Applicant argues that Bachmann does not provide any specific teaching of generation of a VLP conjugated to fentanyl, and instead fentanyl is to be selected from a number of different opioid drugs listed. Bachmann teaches the VLP of the instant claims, in that it is a Qbeta bacteriophage monomer coat protein VLP, and teaches that said VLP may be conjugated through linkers to a payload on its outer surface, and lists opioid drugs, including fentanyl, as a potential payload. Bachmann also teaches short linkers with glycine residues. Therefore, Bachmann teaches every aspect of the VLP of instant claim 36, and as per MPEP §2131.02.III, a generic disclosure will anticipate a claimed species covered by that disclosure when the species can be “at once envisaged” from the disclosure. As Bachmann provides the structural elements for the VLP and notes which items may be conjugated to said VLP from a Markush grouping, one could at once envisage the instantly claimed VLP from the teachings of Bachmann. Additionally, as per MPEP §2131.02.II, a reference that clearly names the claimed species anticipates the claim no matter how many other species are named. Therefore, such an argument is not persuasive.
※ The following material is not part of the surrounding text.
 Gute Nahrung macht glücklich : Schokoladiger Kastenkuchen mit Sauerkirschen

Applicant also argues that Bachmann fails to show evidence of inhibiting, treating, or preventing the fentanyl-induced disorders as presently claimed. As this is an anticipation rejection, as set forth supra, the intended use of the composition is not patentably relevant. Even if it was, as Bachmann teaches every element of the VLP-fentanyl conjugate as presently claimed, it would inherently possess the same functions as those of the instant claims. As Bachmann teaches the use of said VLPs to treat disorders arising from drug addiction, such as fentanyl use, Bachmann teaches the elements of the specific methods as noted supra. Bachmann teaches the immune response elicited would be suitable for the vaccine treatments, and such an immune response is not only enhanced by conjugation to the VLP, but can be further enhanced through the use of adjuvants (¶[0013][0040][0066][0148][0233]). Therefore, this line of argument is not persuasive.
For at least these reasons, Bachmann still anticipates the invention as presently claimed, and the rejection has been maintained.
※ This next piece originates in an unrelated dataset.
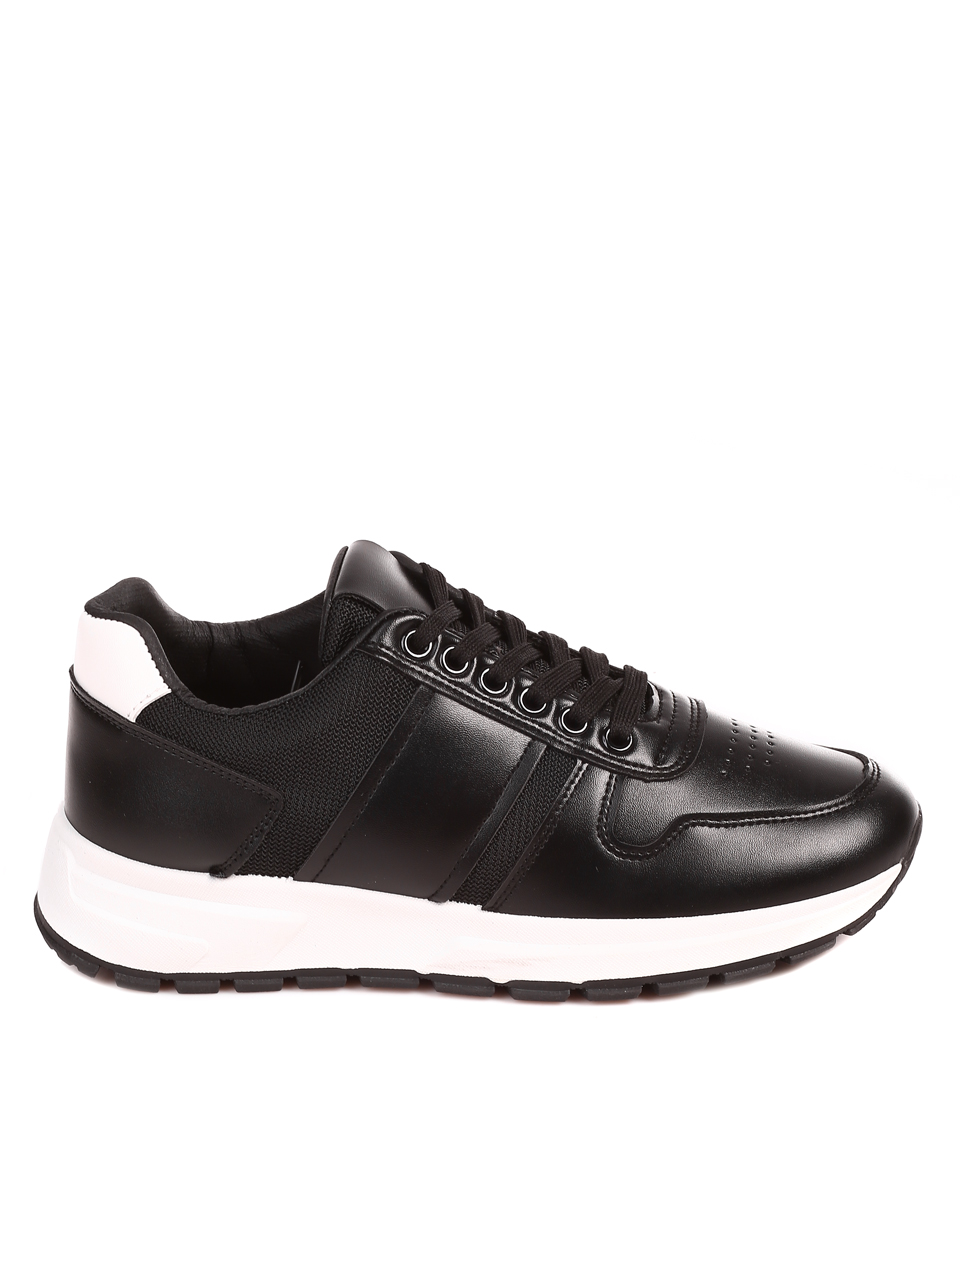 Ежедневни мъжки обувки в черно и бяло 7U-22596 black/white

(Rejection withdrawn.) The rejection of Claims 1-14, 16-29, and 31 under 35 U.S.C. 102(a)(1) as being anticipated by Bachmann et. al. (US20100092508A1, Pub. 04/15/2010; hereafter “Bachmann-2010”) is withdrawn in light of the cancellation of said claims.
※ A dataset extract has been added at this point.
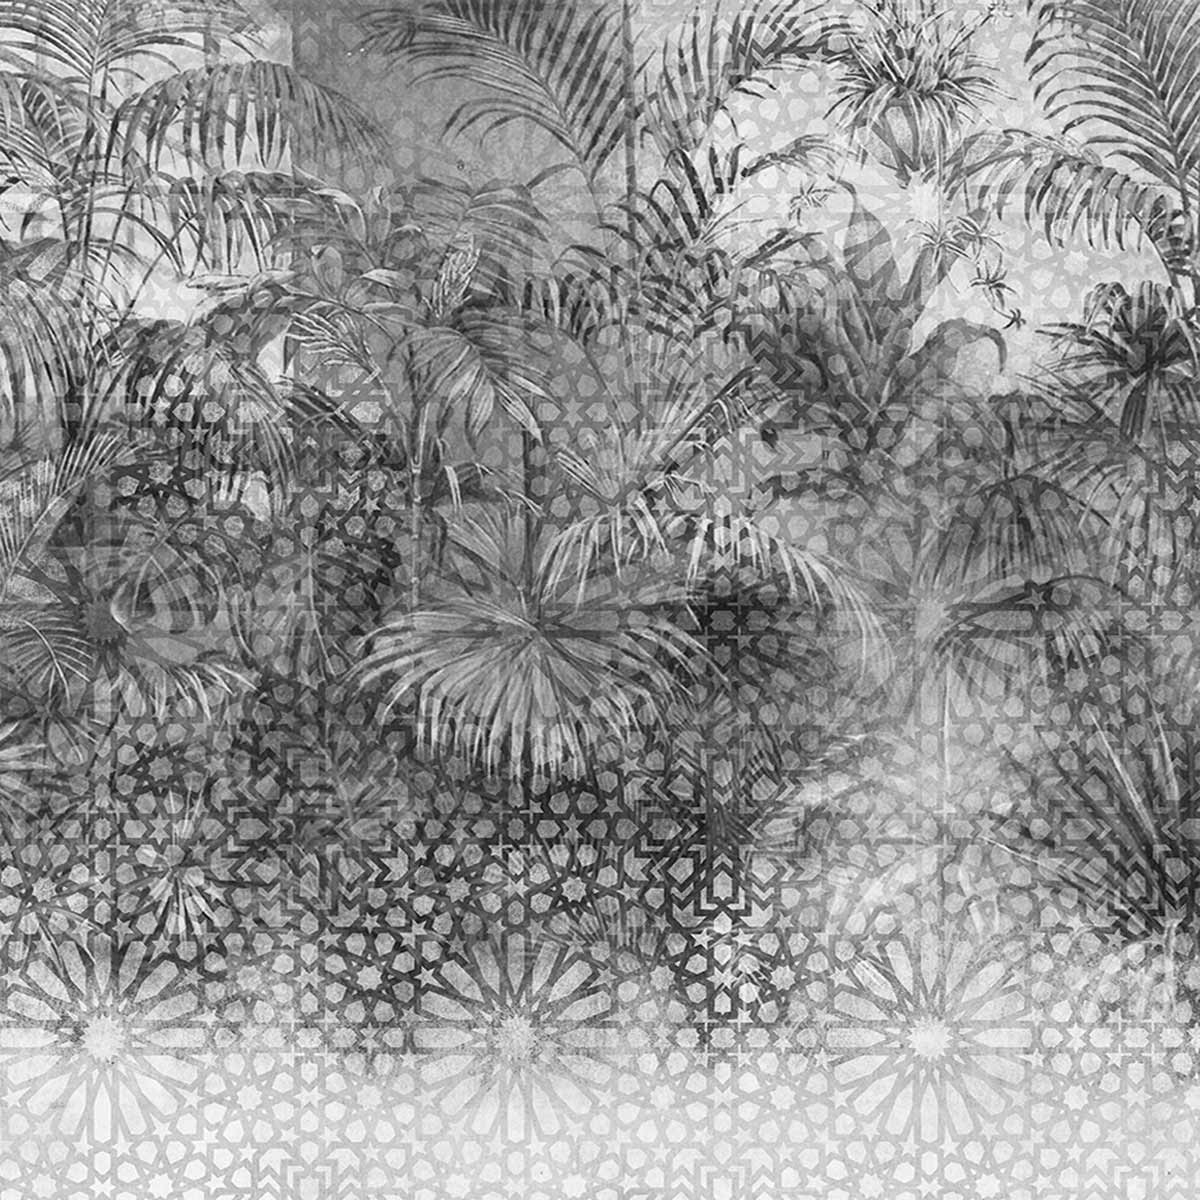 Papier peint au dessin d'une forêt tropicale au crayon pour

Claim Rejections - 35 USC § 103
In the event the determination of the status of the application as subject to AIA 35 U.S.C. 102 and 103 (or as subject to pre-AIA 35 U.S.C. 102 and 103) is incorrect, any correction of the statutory basis (i.e., changing from AIA to pre-AIA ) for the rejection will not be considered a new ground of rejection if the prior art relied upon, and the rationale supporting the rejection, would be the same under either status.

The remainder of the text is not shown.